Supplied data:
▬▬▬▬▬▬
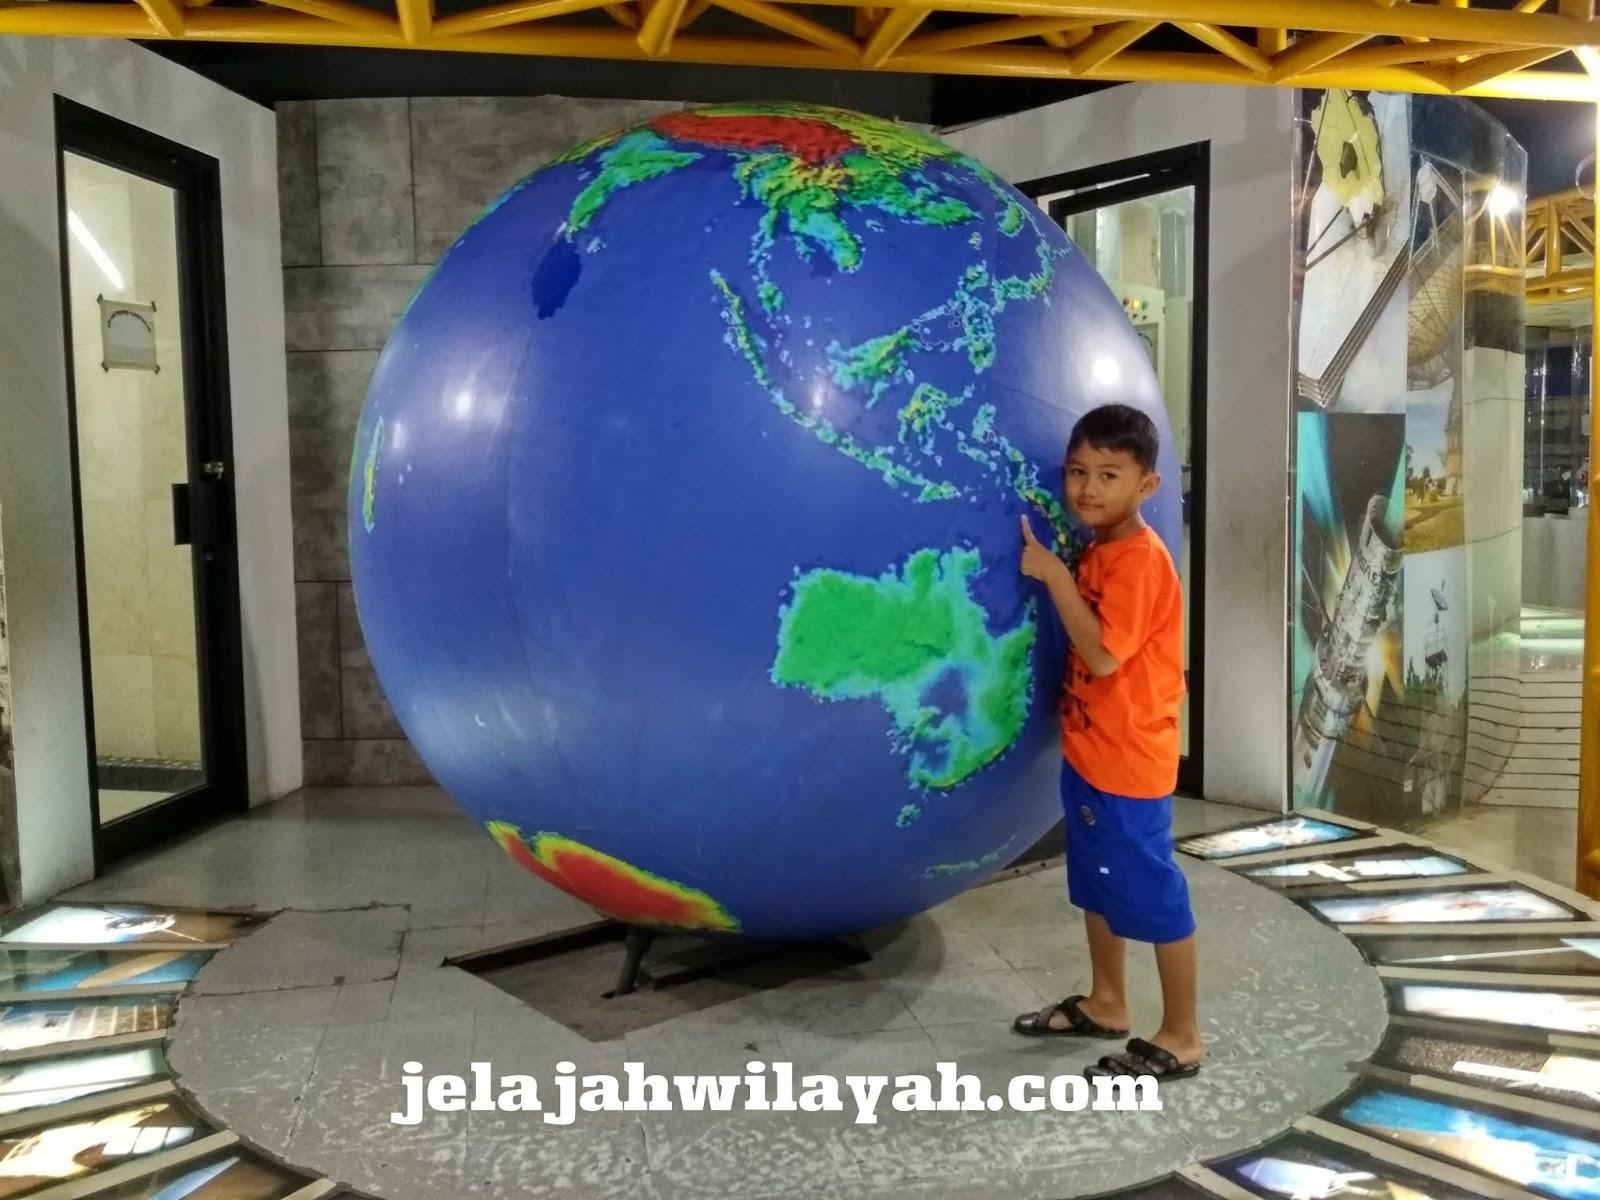 Wisata Sambil Belajar Astronomi Di Planetarium Dan Observatorium Jakarta Jelajahwilayah Com Info Tempat Wisata Kuliner Dan Tips Wisata
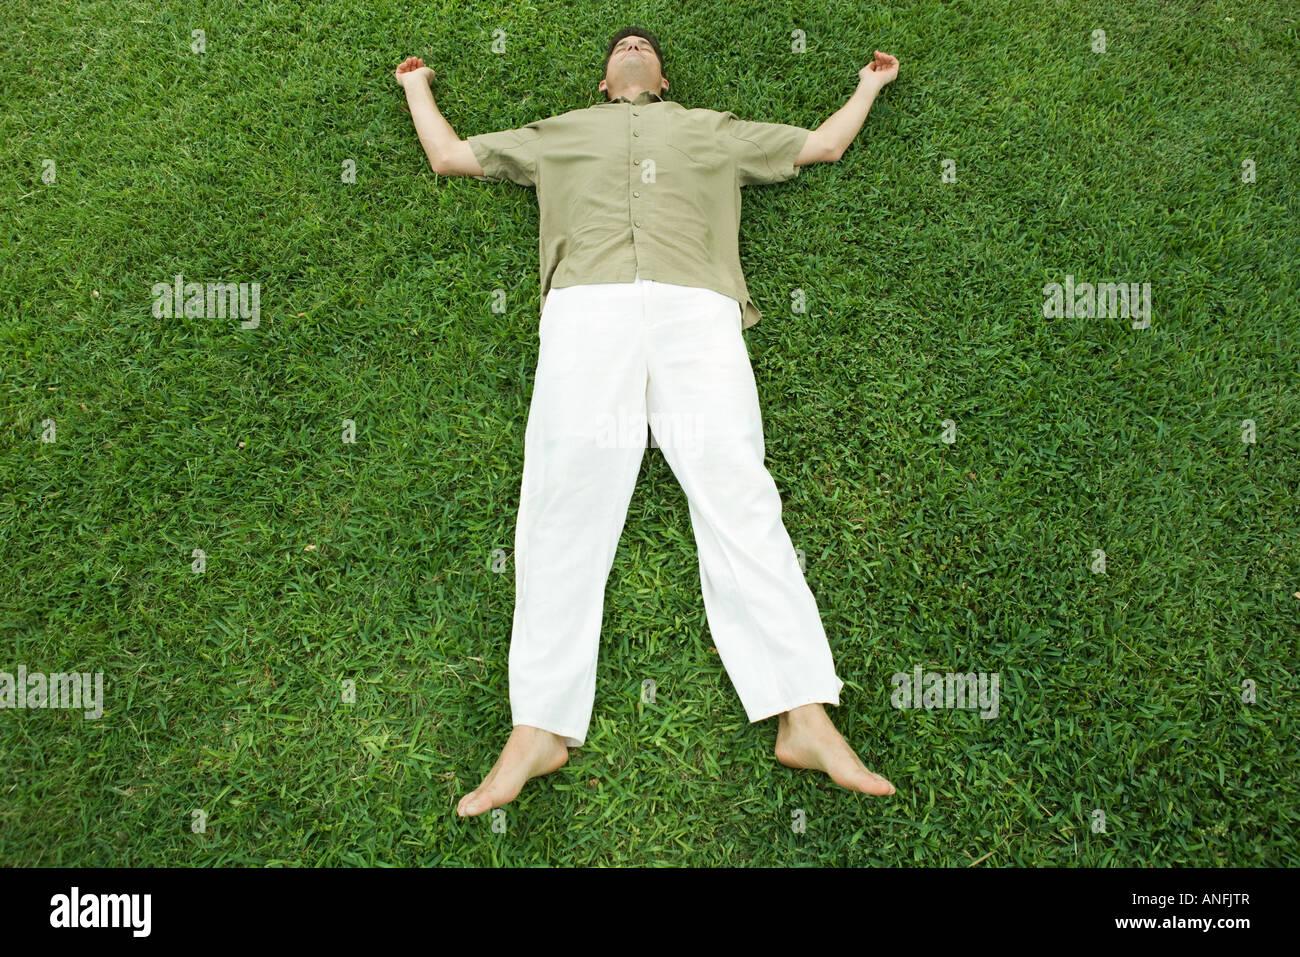 Man lying on grass, full length - Stock Image
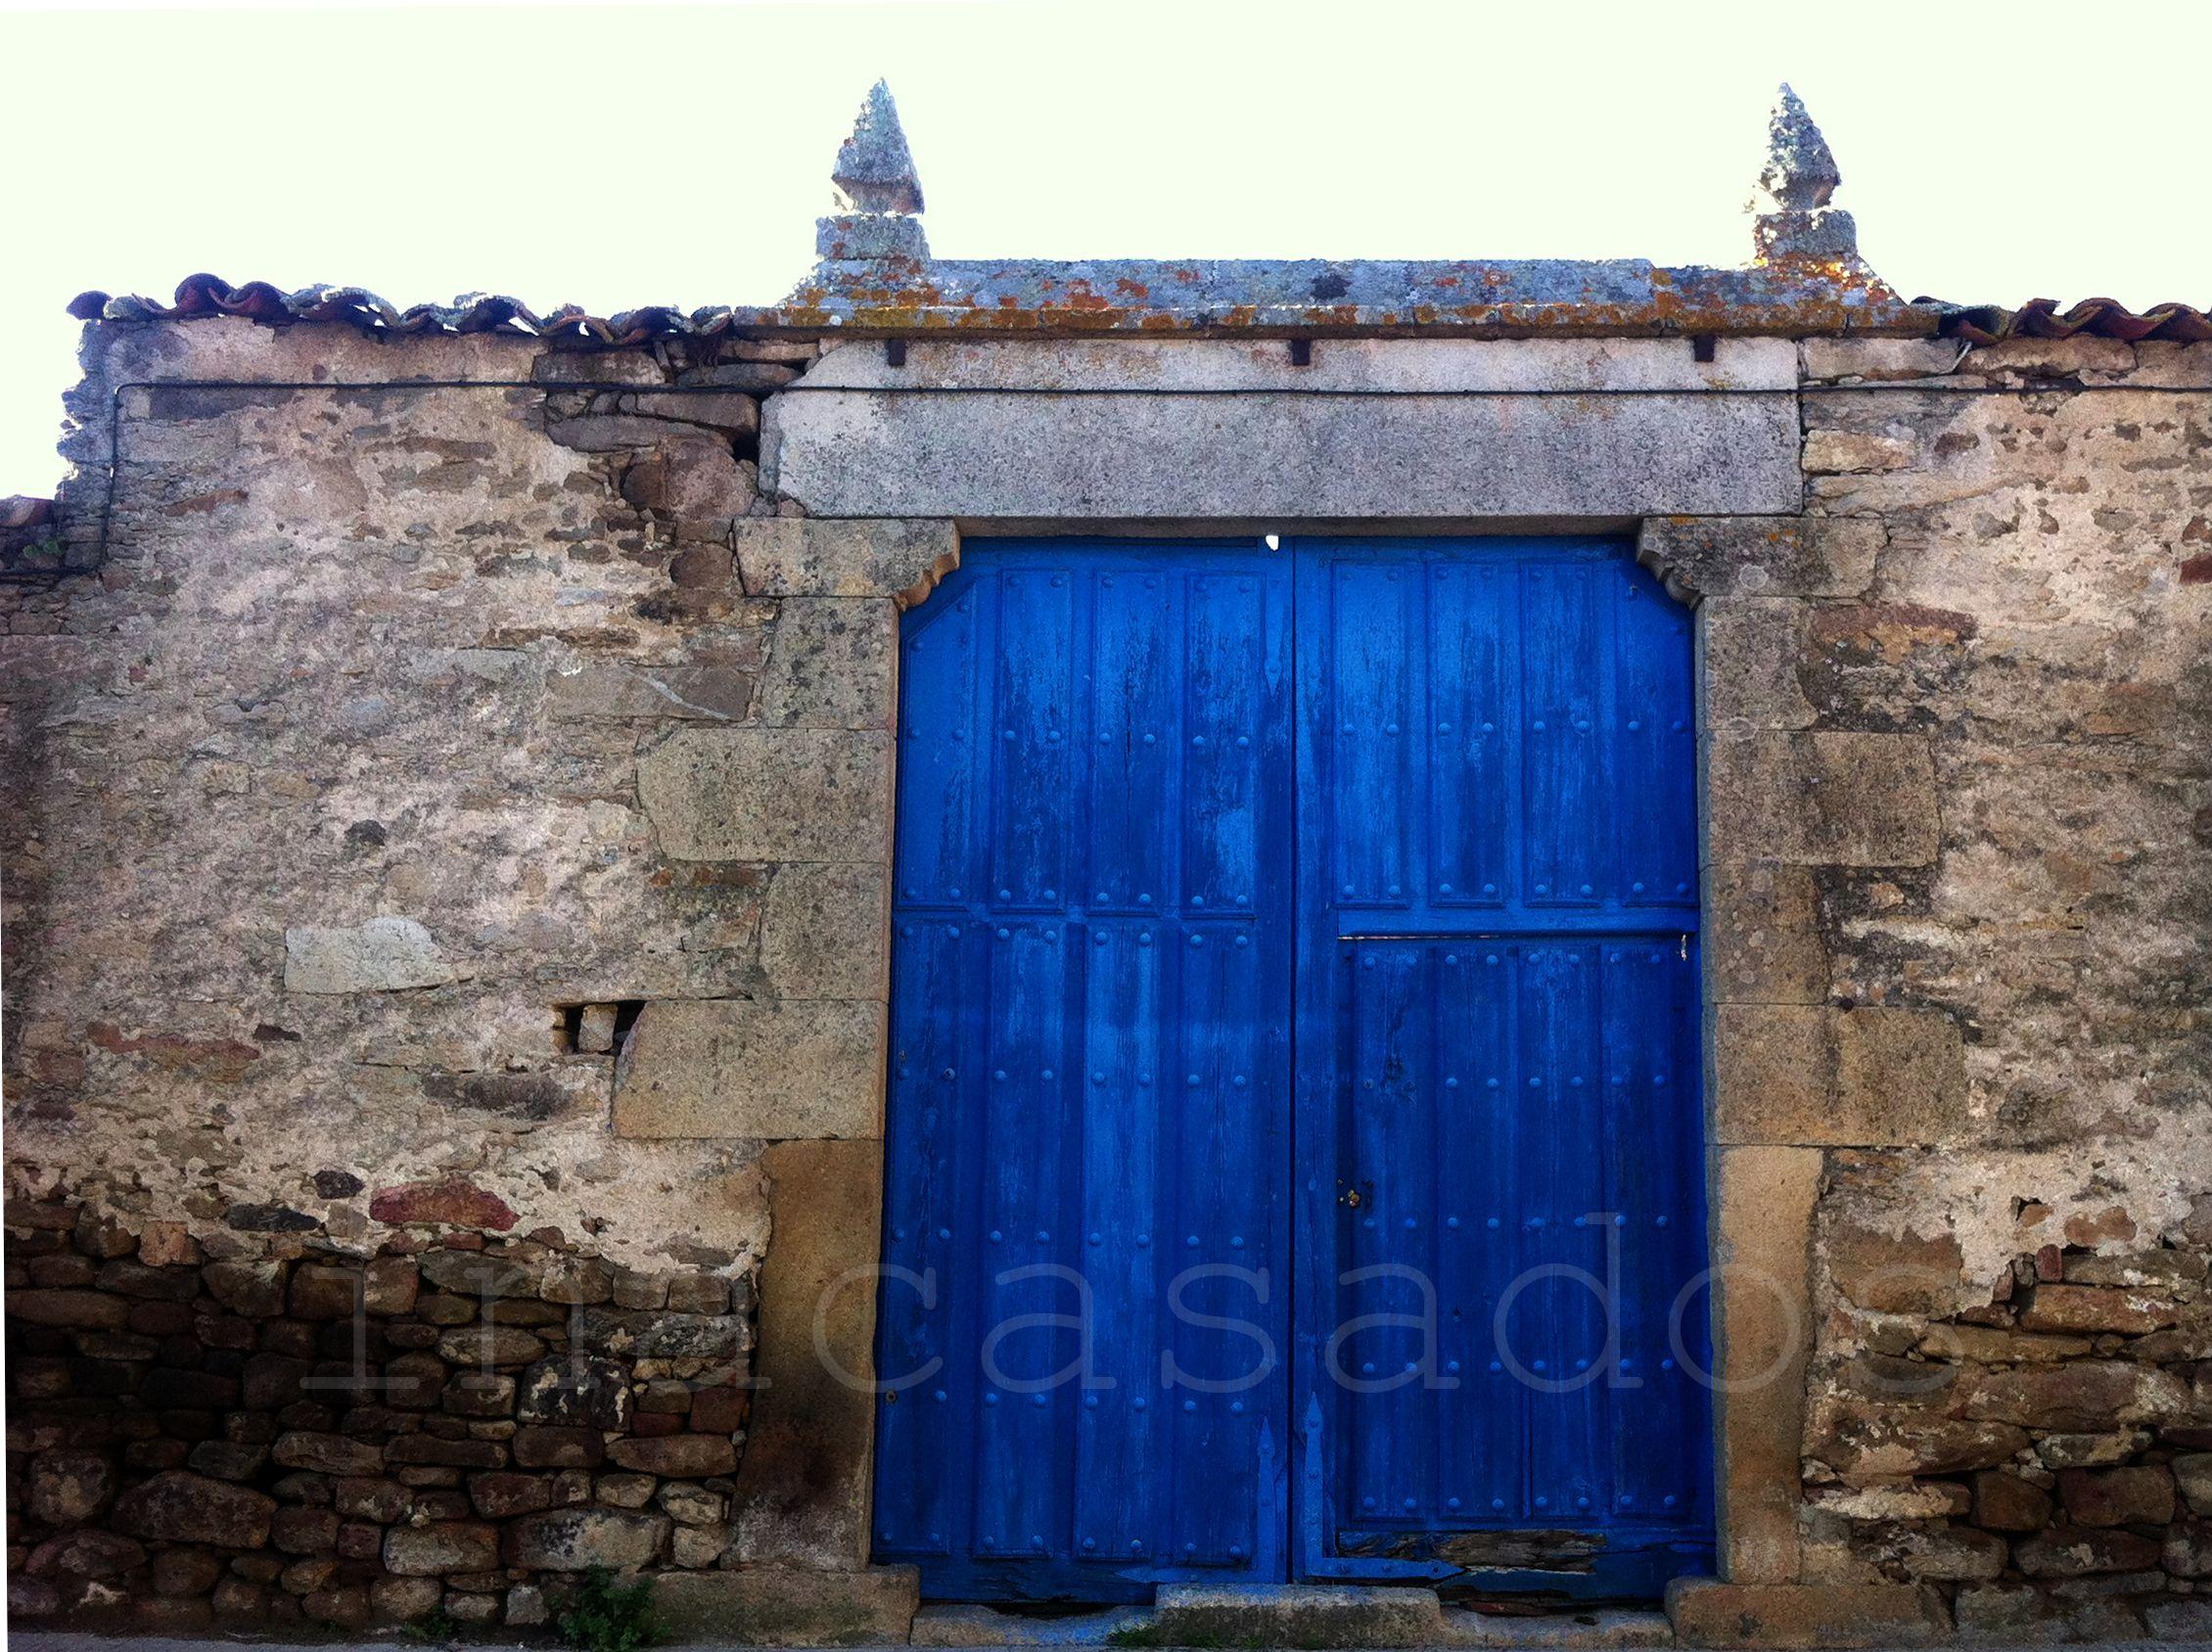 puerta / door / portapuertas y ventanas / doors and windows / portas e janelas vitigudino, salamanca, españa
▬▬▬▬▬▬
Work instruction: What is needed here is an exact transcript of the data above, pictures excluded.

Your solution:
 Wisata Sambil Belajar Astronomi Di Planetarium Dan Observatorium Jakarta Jelajahwilayah Com Info Tempat Wisata Kuliner Dan Tips Wisata
 Man lying on grass, full length - Stock Image
 puerta / door / portapuertas y ventanas / doors and windows / portas e janelas vitigudino, salamanca, españa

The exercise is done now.